Dear lying old biddy: thank you for your concern!

In November, I sent out a fundraising letter to six thousand people on a list of local folks who have given to animal-related charities.

We’re getting a lot of responses to the letter, lots of donations. And one letter that begins,

Okay, asshole, stop right there. We run a full-service shelter, meaning that we never tell people we have no more room. That’s a lie.

So I wrote her back, saying, “Liar, liar, pants on fire!”

No, actually, I wrote her back thanking her for her concern, promising to remove her from our mailing list, and saying in part,

(emphasis added).

And I thanked the crazy bitch again for her love of animals.

Is that the end of it?

Oh no. I just now open a letter from her, two-pages, single-spaced, describing every animal she’s owned for the past 25 years. It begins:

Okay, asshole, stop right there! Wait, no, go on:

You tweaker! You ass! No you didn’t! I’ve got your first letter right in front of me, and you didn’t say anything of the sort, AND THAT’S WHY I SAID I COULDN’T TELL IF THEY WERE YOUR ANIMALS!

So we’ve got three lies in two letters. On the bright side, she mentions later in the letter:

Golly, give the fuckhole a medal, then.

Not a particularly creative rant, but I hate dealing with shits like this. And since i don’t get to write her back politely pointing out her lies, y’all get to read about it.

Daniel

Go throw a box of puppies on her porch, that’ll learn her good.

Some people just like to be angry.

World Eater, I just read your post of this morning, and I am appalled at the accusation that I threw those puppies into her yard.

[insert two pages of random half-truths and crazy hallucinations about what an animal shelter does, plus all the animals I’ve ever owned]

In conclusion, since I go out of my way not to set puppies on fire, I have a heart of gold when it comes to animals, unlike you poor bastard. I hope you’ll see me in a different light in the future.

Daniel

I have accepted the fact that there are many many jobs in this world for which I am not suited. You have one of them. I would have sent her a letter back with just the simple statement, “Well are you gonna give us some money or not? With all the stamps you’ve wasted you could have fed a puppy/kitten for a day.”
See what I mean?

I sympathize with your frustrations, Daniel. If I may remind you of one thing (which you no doubt already know) in dealing with this person and others like her, it is this: it never does any good to tell someone who’s already angry that they’re wrong. Tell her you don’t understand how such a misunderstanding could have happened, tell her you reget horribly that she was told that, tell her whatever you want, but if she’s already got her back up about this, telling her she is wrong in her recollection is not going to make things better.

Best wishes.

Thanks, folks. I get about one nastygram each week, and they don’t really bother me that much; I’ve gotten pretty good at writing, “Thanks for your concern; here’s the friendliest possible way for me to correct your misperceptions” letters.

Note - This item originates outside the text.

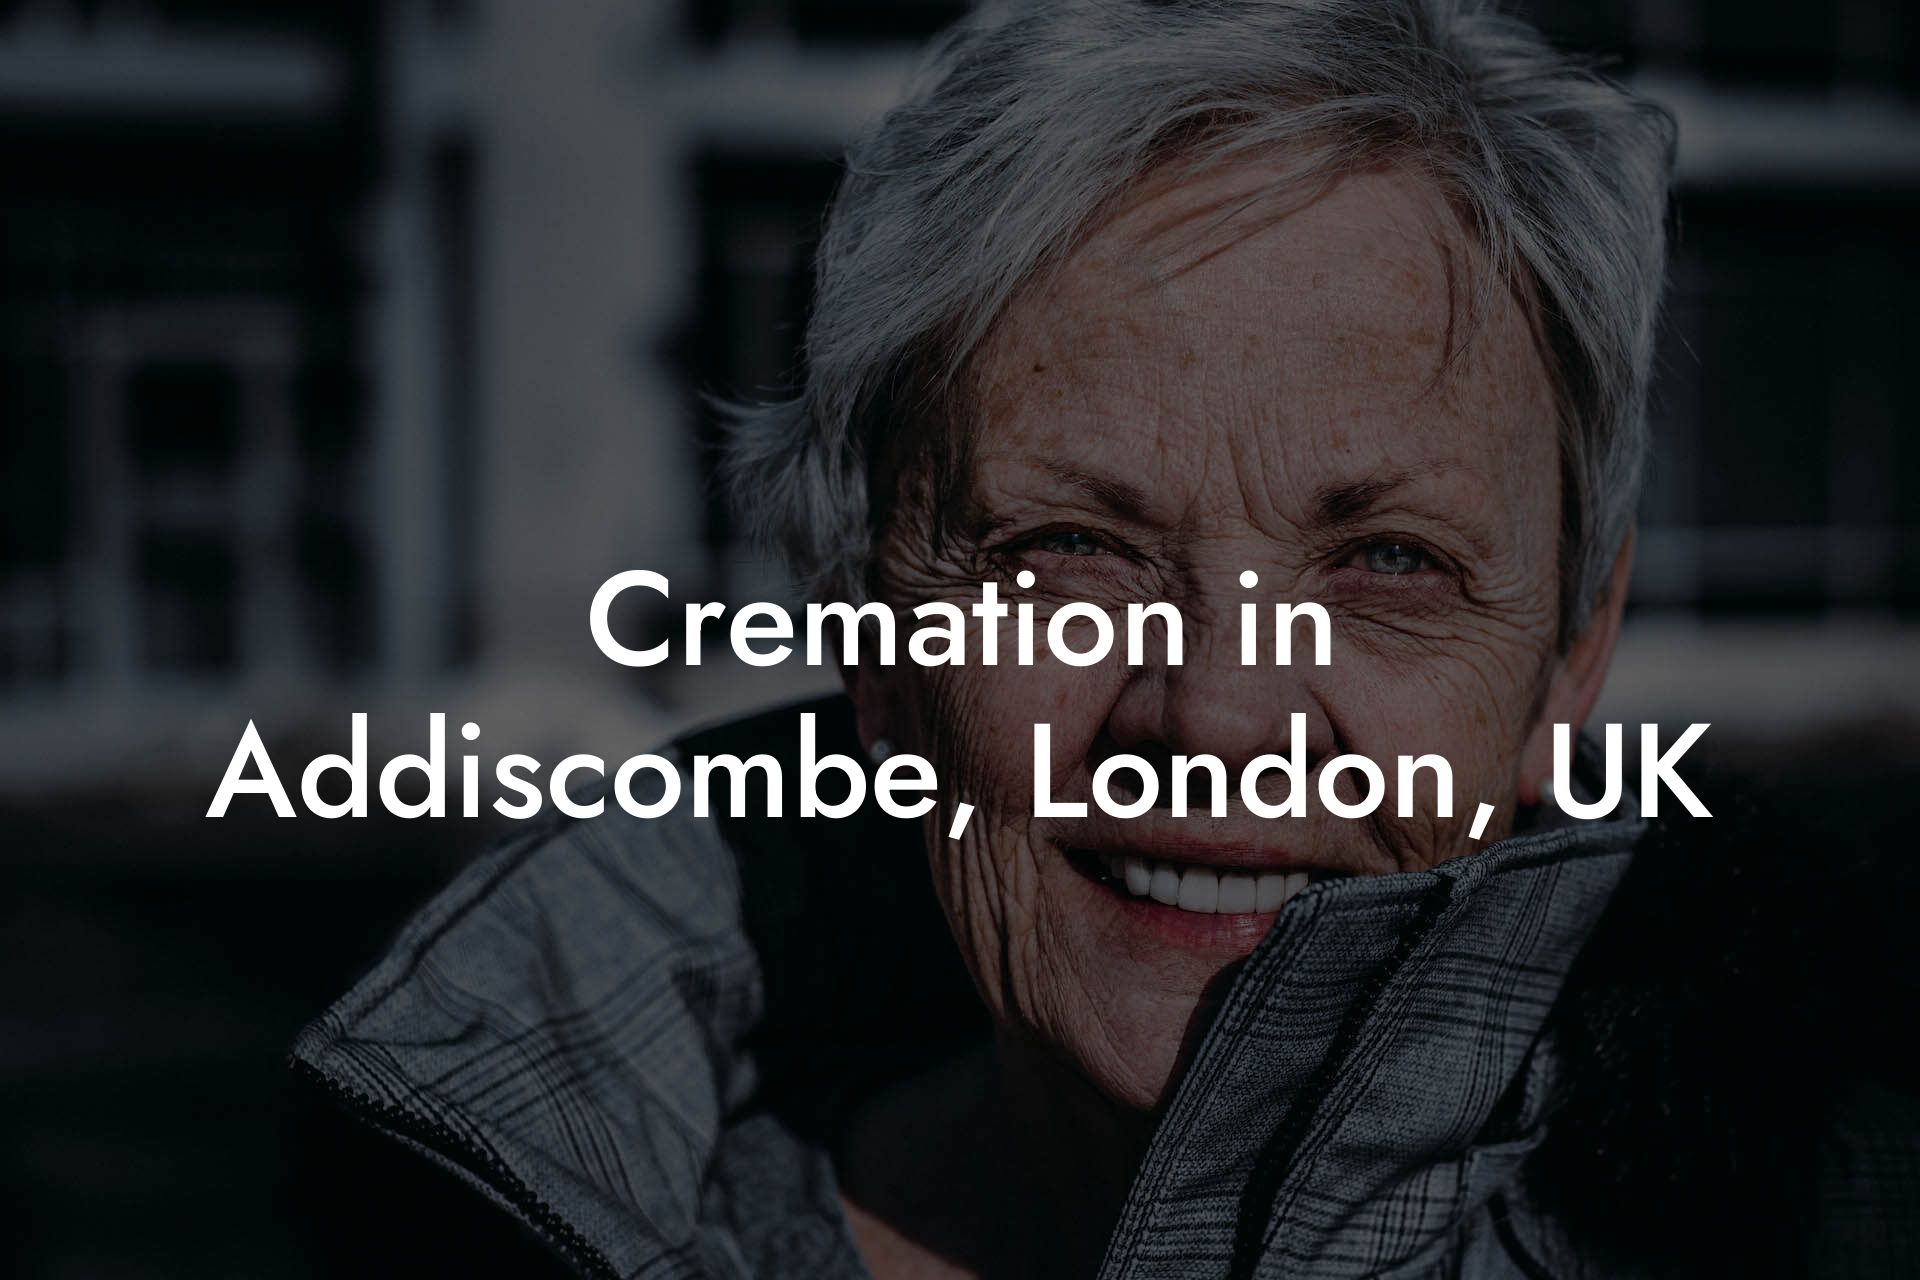 Cremation in Addiscombe, London, UK

Most people don’t write back. One guy even wrote back to apologize for being rude and to thank us for his wonderful dog. And then once in awhile I’m helping someone pull their head out of their ass, but they jerk free and with a horrific squorching noise shove their head much farther up into their anus, splattering me with their fetid feces in the process.

Oh, well. Part of the job. Thanks for the sympathy, folks!
Daniel

(Oh - and my boss has wisely forbidden me from writing her back. It’s in my experience never a good idea to respond to the second nastygram, despite the temptation.)

Daniel

Your boss is right. Many years ago, I had a job that included answering letters. I recall a specific correspondent who responded to our reply with a long, chatty letter. My boss simply said, “Don’t answer - we don’t need a pen pal.” After my initial aghastness :eek: I realized that nothing was to be gained by answering, but lots of time would be lost. He was right - we didn’t need a pen pal.

FairyChat,

I WAITED BY THE MAILBOX FOR DAYS!

sob.
:smiley:

You know who this lady is? The crazy homeless lady I saw Saturday in the Petco near the Broadway Mall, talking to the hamster while he was on his little wheel.

Well, maybe not. But just remember that there are crazy people everywhere, particularly in the animal world, and most of them know how to write. Fixodent, and forget it.

Sorry Daniel it was remark made in jest. Nothing more nothing less.

A box of burning puppies! That way, when she goes to stomp the fire out, she get’s puppy all over her feet!
ohhh be quiet, I’m kidding

:smiley:

I wish I had a puppy. I would hold it and pet it and love it and take it for walks and feed it and give it water and clean up after it. Honest.

Sure, that’s what they all say in the beginning. When puppy has to go out at 3 AM and it’s 20 below, then we’ll see…

I think it’s obvious what’s going on here.

Daniel hates puppies.

If it gets to be 20 below in Seminole, Florida, the terrorists have already won. Marcie and I alternate between wanting a puppy and a ferret. I want the puppy; Marcie wants the ferret. I expect we will compromise and get a ferret.

or a fuppy

A ferret is useless. You need at least 2, and really, anything less than 8 means you’re not serious about ferrets (or that you are sane).